= What to do =
Check each line of the data below for the word "Smith". How many lines have it? Answer with the number alone.

☆ ☆ ☆ ☆ ☆

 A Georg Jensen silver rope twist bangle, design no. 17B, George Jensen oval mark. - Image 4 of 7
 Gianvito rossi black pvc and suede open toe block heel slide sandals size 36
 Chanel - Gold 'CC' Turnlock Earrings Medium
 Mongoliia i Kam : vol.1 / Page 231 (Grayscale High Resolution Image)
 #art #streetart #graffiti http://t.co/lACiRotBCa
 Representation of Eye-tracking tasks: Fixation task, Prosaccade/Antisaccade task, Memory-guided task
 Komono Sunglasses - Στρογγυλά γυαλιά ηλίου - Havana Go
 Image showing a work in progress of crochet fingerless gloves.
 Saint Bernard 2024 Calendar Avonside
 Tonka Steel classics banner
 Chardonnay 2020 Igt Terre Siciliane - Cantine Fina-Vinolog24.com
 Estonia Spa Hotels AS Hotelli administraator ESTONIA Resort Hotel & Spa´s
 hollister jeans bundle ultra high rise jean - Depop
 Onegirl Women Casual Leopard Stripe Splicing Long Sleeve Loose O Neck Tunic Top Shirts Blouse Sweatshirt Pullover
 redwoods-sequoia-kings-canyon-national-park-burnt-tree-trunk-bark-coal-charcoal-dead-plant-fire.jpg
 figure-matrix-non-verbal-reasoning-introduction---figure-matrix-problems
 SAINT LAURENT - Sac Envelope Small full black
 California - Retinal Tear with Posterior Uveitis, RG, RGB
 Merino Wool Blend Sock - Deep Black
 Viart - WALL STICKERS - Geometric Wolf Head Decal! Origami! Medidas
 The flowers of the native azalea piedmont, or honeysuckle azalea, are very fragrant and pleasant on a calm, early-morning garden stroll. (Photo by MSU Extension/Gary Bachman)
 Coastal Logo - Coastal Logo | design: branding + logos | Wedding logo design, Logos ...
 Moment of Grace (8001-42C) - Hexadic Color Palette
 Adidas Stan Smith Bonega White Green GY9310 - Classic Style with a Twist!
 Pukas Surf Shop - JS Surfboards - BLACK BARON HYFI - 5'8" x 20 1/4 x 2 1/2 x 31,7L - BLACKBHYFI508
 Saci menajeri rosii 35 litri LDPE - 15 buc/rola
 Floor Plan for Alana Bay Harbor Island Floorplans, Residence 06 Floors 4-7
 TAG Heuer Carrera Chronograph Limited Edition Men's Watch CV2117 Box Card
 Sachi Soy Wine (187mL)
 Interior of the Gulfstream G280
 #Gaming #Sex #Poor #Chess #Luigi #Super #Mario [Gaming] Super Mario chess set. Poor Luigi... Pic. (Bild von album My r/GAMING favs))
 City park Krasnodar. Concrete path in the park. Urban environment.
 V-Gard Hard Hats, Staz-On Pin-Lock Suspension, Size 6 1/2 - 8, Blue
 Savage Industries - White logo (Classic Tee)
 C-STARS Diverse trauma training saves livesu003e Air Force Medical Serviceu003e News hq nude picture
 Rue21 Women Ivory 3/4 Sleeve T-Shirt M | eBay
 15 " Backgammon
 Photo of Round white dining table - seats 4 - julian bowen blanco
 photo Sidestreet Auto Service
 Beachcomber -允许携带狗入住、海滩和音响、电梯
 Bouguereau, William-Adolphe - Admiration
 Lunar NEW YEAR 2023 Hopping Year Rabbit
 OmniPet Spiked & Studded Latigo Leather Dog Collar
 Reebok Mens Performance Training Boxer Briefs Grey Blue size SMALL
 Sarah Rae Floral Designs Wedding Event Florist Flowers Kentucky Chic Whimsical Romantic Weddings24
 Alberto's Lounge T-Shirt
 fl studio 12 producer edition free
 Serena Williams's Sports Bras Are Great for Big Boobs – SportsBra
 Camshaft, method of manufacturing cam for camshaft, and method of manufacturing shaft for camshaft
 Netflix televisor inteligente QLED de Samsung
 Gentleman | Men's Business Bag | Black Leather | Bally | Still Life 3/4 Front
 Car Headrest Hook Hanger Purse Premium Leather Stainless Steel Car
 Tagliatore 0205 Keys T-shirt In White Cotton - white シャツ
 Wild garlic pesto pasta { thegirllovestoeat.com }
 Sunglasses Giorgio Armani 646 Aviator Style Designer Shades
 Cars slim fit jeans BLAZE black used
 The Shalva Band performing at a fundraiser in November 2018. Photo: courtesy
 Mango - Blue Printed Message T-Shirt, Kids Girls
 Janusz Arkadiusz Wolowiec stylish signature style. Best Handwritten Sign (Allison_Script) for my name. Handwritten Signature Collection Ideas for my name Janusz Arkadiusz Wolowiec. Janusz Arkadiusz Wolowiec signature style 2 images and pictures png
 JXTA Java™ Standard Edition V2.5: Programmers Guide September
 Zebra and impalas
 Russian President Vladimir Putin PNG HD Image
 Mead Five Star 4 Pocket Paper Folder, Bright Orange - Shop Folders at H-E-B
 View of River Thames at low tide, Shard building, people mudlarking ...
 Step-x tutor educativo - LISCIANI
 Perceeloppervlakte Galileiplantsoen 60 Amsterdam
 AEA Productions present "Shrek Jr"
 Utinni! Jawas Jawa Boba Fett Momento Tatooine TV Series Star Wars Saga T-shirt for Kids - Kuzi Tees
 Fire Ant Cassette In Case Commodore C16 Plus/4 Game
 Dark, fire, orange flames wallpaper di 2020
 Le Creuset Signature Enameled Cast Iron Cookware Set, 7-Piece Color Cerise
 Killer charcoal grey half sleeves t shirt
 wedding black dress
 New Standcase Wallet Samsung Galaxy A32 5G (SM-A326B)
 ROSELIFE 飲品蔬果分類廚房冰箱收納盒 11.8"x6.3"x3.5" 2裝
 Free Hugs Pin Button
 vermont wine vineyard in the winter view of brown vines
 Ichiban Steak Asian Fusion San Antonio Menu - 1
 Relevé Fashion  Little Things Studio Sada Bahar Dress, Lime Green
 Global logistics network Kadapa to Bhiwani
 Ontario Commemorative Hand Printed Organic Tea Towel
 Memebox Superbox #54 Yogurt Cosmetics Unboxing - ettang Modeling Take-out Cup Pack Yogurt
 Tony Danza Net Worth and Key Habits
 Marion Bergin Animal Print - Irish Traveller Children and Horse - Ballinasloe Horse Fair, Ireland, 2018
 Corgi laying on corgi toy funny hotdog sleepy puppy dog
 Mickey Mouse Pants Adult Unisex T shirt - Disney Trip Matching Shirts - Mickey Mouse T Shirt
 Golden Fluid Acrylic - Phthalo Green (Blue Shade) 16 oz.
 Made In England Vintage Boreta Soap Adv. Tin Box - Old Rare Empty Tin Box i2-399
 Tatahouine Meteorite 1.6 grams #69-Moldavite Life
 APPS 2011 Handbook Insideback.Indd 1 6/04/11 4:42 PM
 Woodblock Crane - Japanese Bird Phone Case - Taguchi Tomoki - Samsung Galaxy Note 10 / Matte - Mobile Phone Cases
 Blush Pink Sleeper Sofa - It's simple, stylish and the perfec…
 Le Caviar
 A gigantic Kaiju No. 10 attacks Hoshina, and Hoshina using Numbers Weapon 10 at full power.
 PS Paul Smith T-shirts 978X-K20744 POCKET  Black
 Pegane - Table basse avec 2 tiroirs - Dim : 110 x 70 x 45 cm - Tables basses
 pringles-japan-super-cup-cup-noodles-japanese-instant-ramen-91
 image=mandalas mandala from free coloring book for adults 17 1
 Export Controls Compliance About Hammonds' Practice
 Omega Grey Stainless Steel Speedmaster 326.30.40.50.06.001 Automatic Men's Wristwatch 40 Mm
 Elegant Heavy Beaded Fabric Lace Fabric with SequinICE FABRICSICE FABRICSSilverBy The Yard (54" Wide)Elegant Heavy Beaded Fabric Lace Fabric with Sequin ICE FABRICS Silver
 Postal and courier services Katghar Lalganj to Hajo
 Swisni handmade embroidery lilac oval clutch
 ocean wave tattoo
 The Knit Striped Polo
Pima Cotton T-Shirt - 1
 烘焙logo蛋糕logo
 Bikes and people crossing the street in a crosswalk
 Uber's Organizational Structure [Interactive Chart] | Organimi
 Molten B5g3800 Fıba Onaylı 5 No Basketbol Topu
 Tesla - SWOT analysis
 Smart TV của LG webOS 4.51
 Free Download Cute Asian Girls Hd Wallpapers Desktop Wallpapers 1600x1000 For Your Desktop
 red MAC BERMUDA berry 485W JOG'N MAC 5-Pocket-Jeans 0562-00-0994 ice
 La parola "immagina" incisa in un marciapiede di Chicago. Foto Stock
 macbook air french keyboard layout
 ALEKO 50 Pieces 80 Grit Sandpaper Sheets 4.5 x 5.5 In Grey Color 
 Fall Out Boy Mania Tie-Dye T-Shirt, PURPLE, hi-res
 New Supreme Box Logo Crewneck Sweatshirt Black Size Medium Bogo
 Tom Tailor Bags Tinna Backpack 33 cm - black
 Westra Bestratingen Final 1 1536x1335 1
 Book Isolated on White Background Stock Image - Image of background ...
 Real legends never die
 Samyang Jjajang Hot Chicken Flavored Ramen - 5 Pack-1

☆ ☆ ☆ ☆ ☆

= Output of the task =
2